Investing in sufficiently modular and decoupled architecture happens to be a critical piece in the puzzle of getting to deploy every day.

People and Culture

Among all factors that enable frequent deployments, the culture of finding joy in shipping changes is probably the most important, yet most-neglected aspect. A lot can be achieved by a group of engineers driven by a singular mindset to deploy as often as they can. Over-communication resolves conflicts, stringent checklists replace missing automation, and smart risks take over from over-indexing on end-to-end testability.

Photo by NESA by Makers on Unsplash

This kind of regular hustling would, of course, lead to fatigue if eventually a majority of the mundane work is not automated, and recurring hurdles are not addressed. This makes a team and its culture a necessary but insufficient condition for sustained deployment nirvana.

A culture of deploying as often as possible demonstrates itself in myriad ways and cannot be simply prescribed. Here are some examples of how it panned out in our team.

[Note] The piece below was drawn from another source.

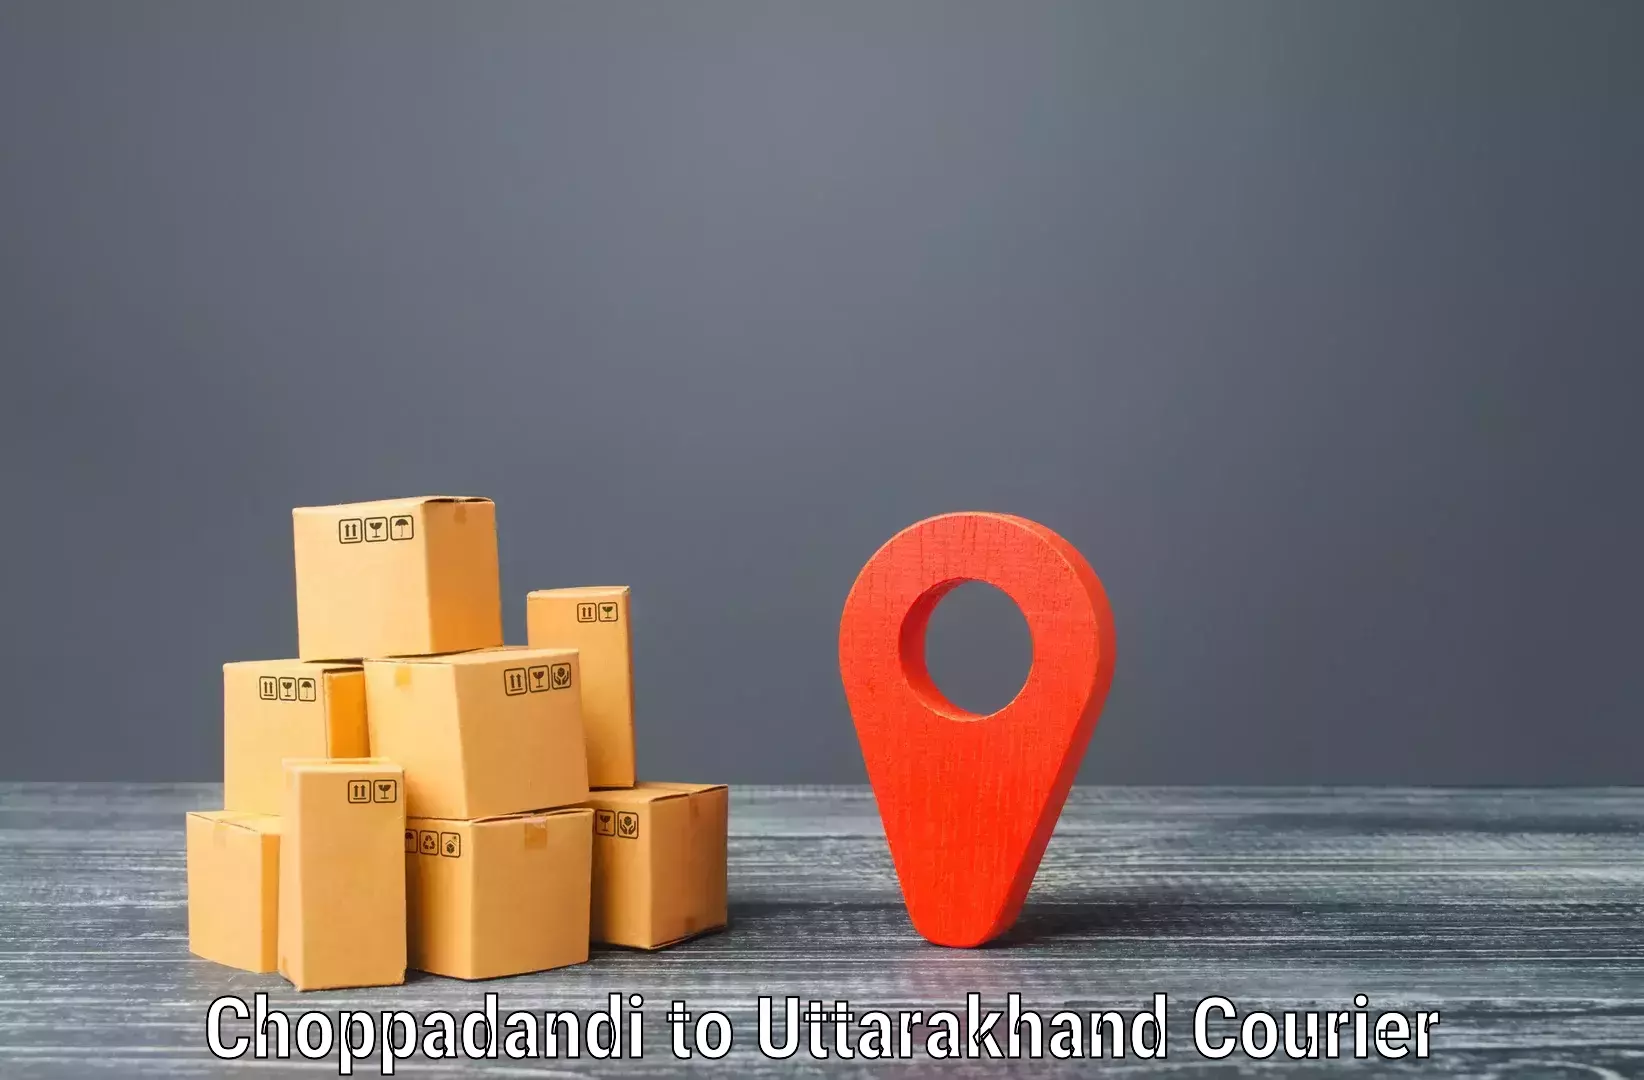 Global shipping solutions Choppadandi to Dehradun

  • Bite-sizing: This is probably the game-changer of a mindset. Bite-sized chunks are independently deployable changes that will integrate into production in a future deployment. Large, end-to-end integrated work items lead to elongated test cycles, apply back-pressure on adjacent changes, and end with painful, big-bang deployments. On the other hand, an approach that breaks the large work item into bite-sized chunks is relatively hassle-free, and moves faster. Over time, the team begins to learn the nuances of bite-sizing — deploying interfaces separately from implementation, shipping unreachable code, and hiding features behind a toggle.
  • Checklists: Each deployable change is associated with a documented checklist that describes the change (mostly using links to the issue tracker or git) and specifies the steps that must be followed to deploy it. Besides mitigating human error, the checklists allow anyone — not just the story owners — to deploy the changes.
  • Notifications: Each deployment is notified on the team’s group chat, informing stakeholders that a change has gone live. Celebratory emoticons often accompany important releases.
  • Deployment Report: Daily stand-ups begin with a roll call of what was deployed the previous day and what is expected to be deployed on that day.
  • Friday Deployments: Most deployments become so mundane that they are a non-event unless major infrastructure overhaul or migrations are necessary. Deployments on a Friday or the day before a long holiday no longer need much audacity or introspection.

                     

Chat notifications cheering a deployment

To Nirvana

A continuous deployment journey is never really done. Your team matures and thirsts for greater automation, new features undo some of the good work done through architectural changes, virtualization technologies evolve and force a rethink, or you just become restless and aspire to rise to a higher deployment frequency. We are far from done ourselves.

The following goals are of particular interest to us in the coming months:

  • Enable taking (some backwards compatible) changes from developer to production in a completely automated fashion, without human (specifically QA) intervention.
  • Enable testing in a completely decoupled developer environment where Freshworks products and external services are replaced with mock services.
  • Enable taking any change into production in a completely automated fashion, after it has been merged to staging.

We look forward to sharing the next chapter of our continuous deployment journey here in the near future.

In the meantime, what would be your journey towards Continuous Deployment?